End mills are widely used to machine complicated parts in the aerospace and mold/die industries, yet it is somewhat difficult to achieve high productivity in end milling. Machining intricate details on parts often calls for slender cutters of low rigidity, and the cutting forces in contouring can easily exceed the limit of the cutter. For instance, the resultant force can increase by more than a factor of ten in a simple cornering cut; such a critical region causes excessive tool deflection and tool breakage. The variation in cutting force is due to the variation of metal removal rate. Frequently the geometry of the part prevents constant radial and axial depths of cut. Consequently, feed per teeth recommended assuming a constant depth of cut does not perform satisfactorily and must be adjusted. Finding out the problem areas and applying proper feedrates, if done by the part progammer, is labor intensive. Sometimes a conservative feedrate override is applied to prevent tool breakage at the expense of under-utilizing the machine capability and reducing productivity.
Up to the present, hardware adaptive controllers have been devised to improve the productivity for limited operations; one has a force sensor to measure cutting force.

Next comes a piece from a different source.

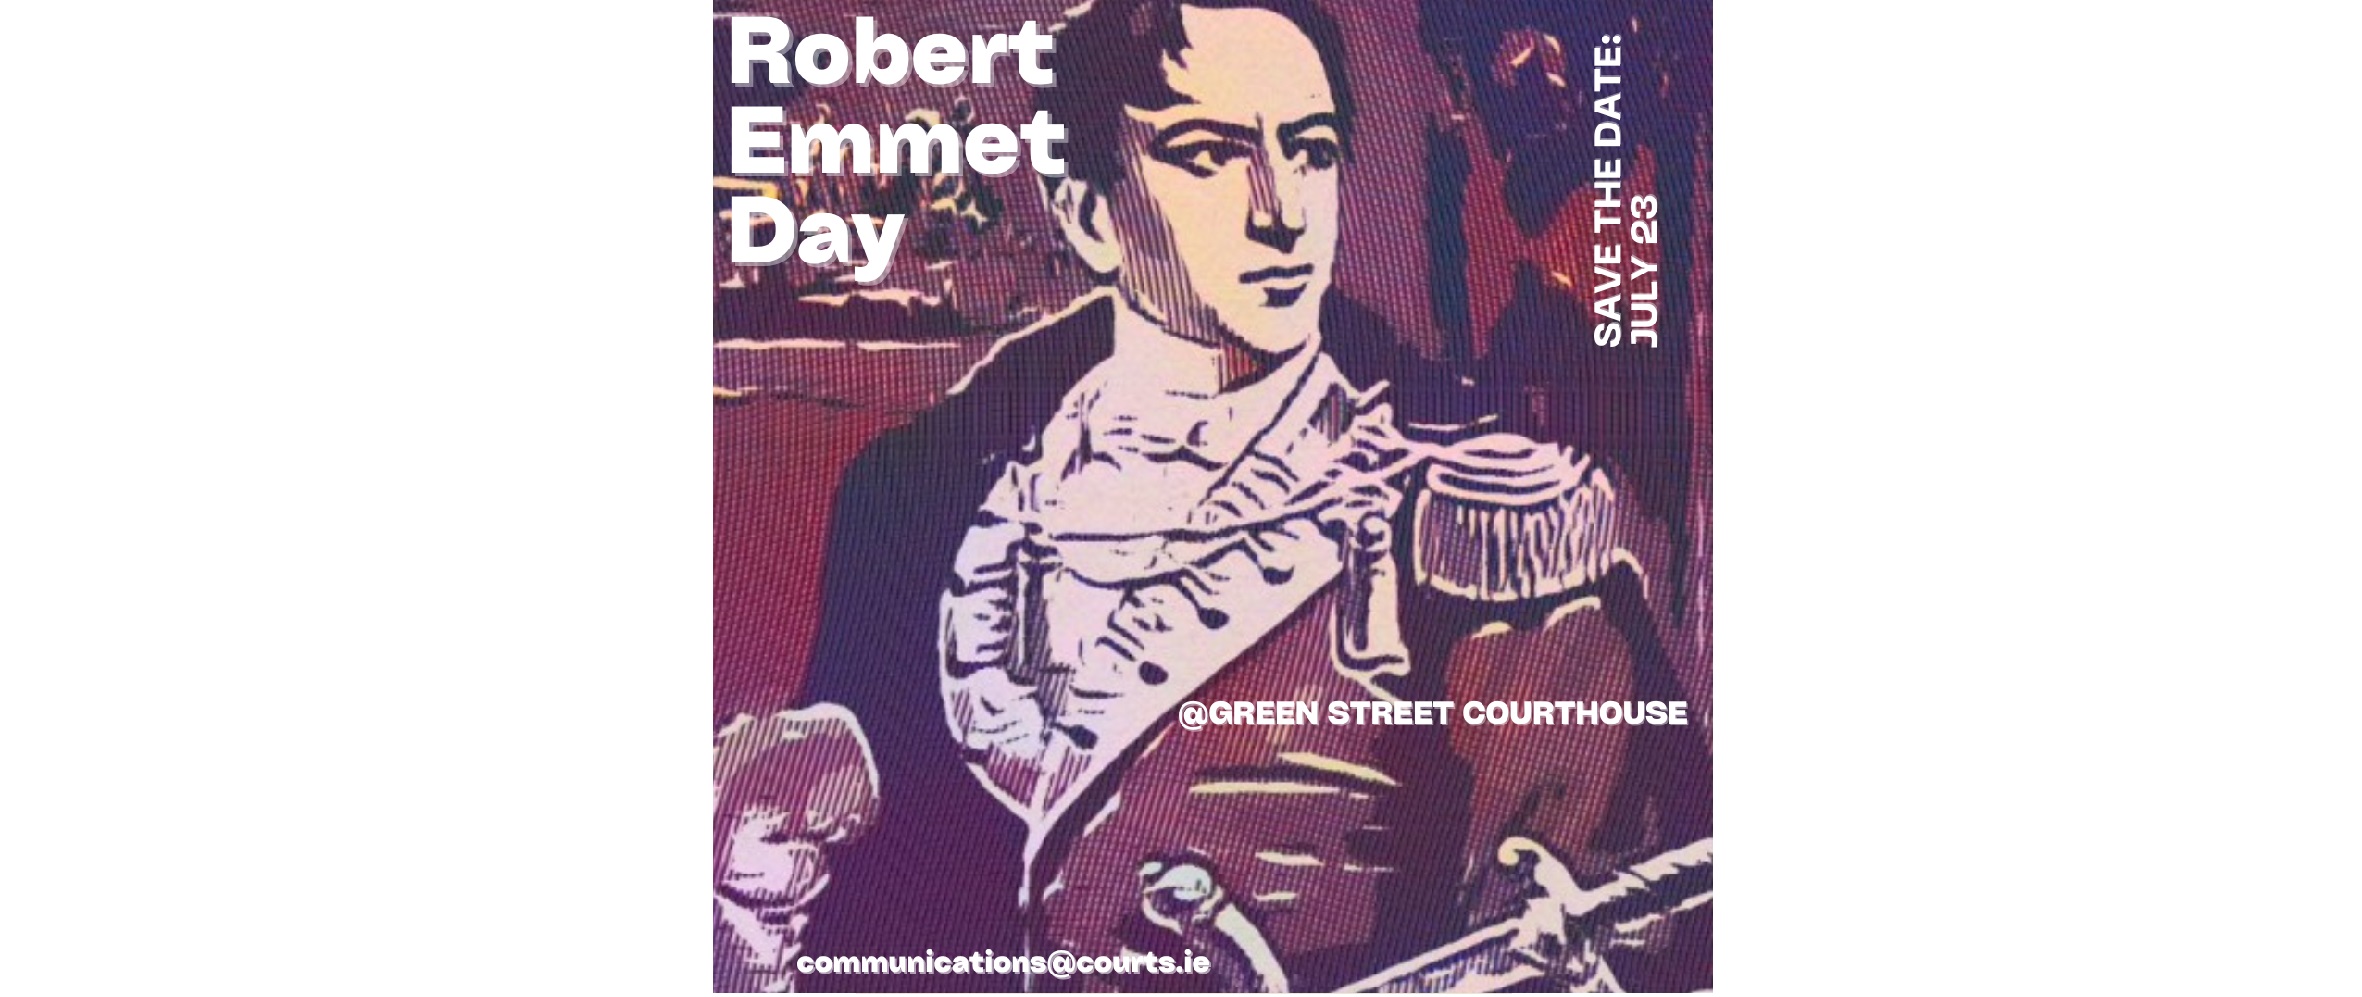 Robert Emmet Day

The controller and sensors have to be installed on the NC machine tool. Such hardware is inflexible in handling diferent situations of tooling, material and set-up, because it does not have the ability to interface with CAD/CAM systems and to configure itself for different operations. In addition, systems operating in real time cannot look ahead.
Recently, a solid modeling system which can simulate end milling in real time has been developed and is called NCS. With the NC program as an input, it continuously models the in-process workpiece geometry as a solid. This is described in the inventor's Ph.D. Thesis, "Solid Geometric Modeling for Mold Design and Manufacturing", Cornell Univ., 1984 (TIS Report No. 84CRD122, May 1984, General Electric Co. is the same); and in the published paper authored with K. K. Wang, "Geometric Modeling for Swept Volume of Moving Solids", IEEE CG&A, December 1986, pp. 8-17, the disclosure of which is incorporated herein by reference.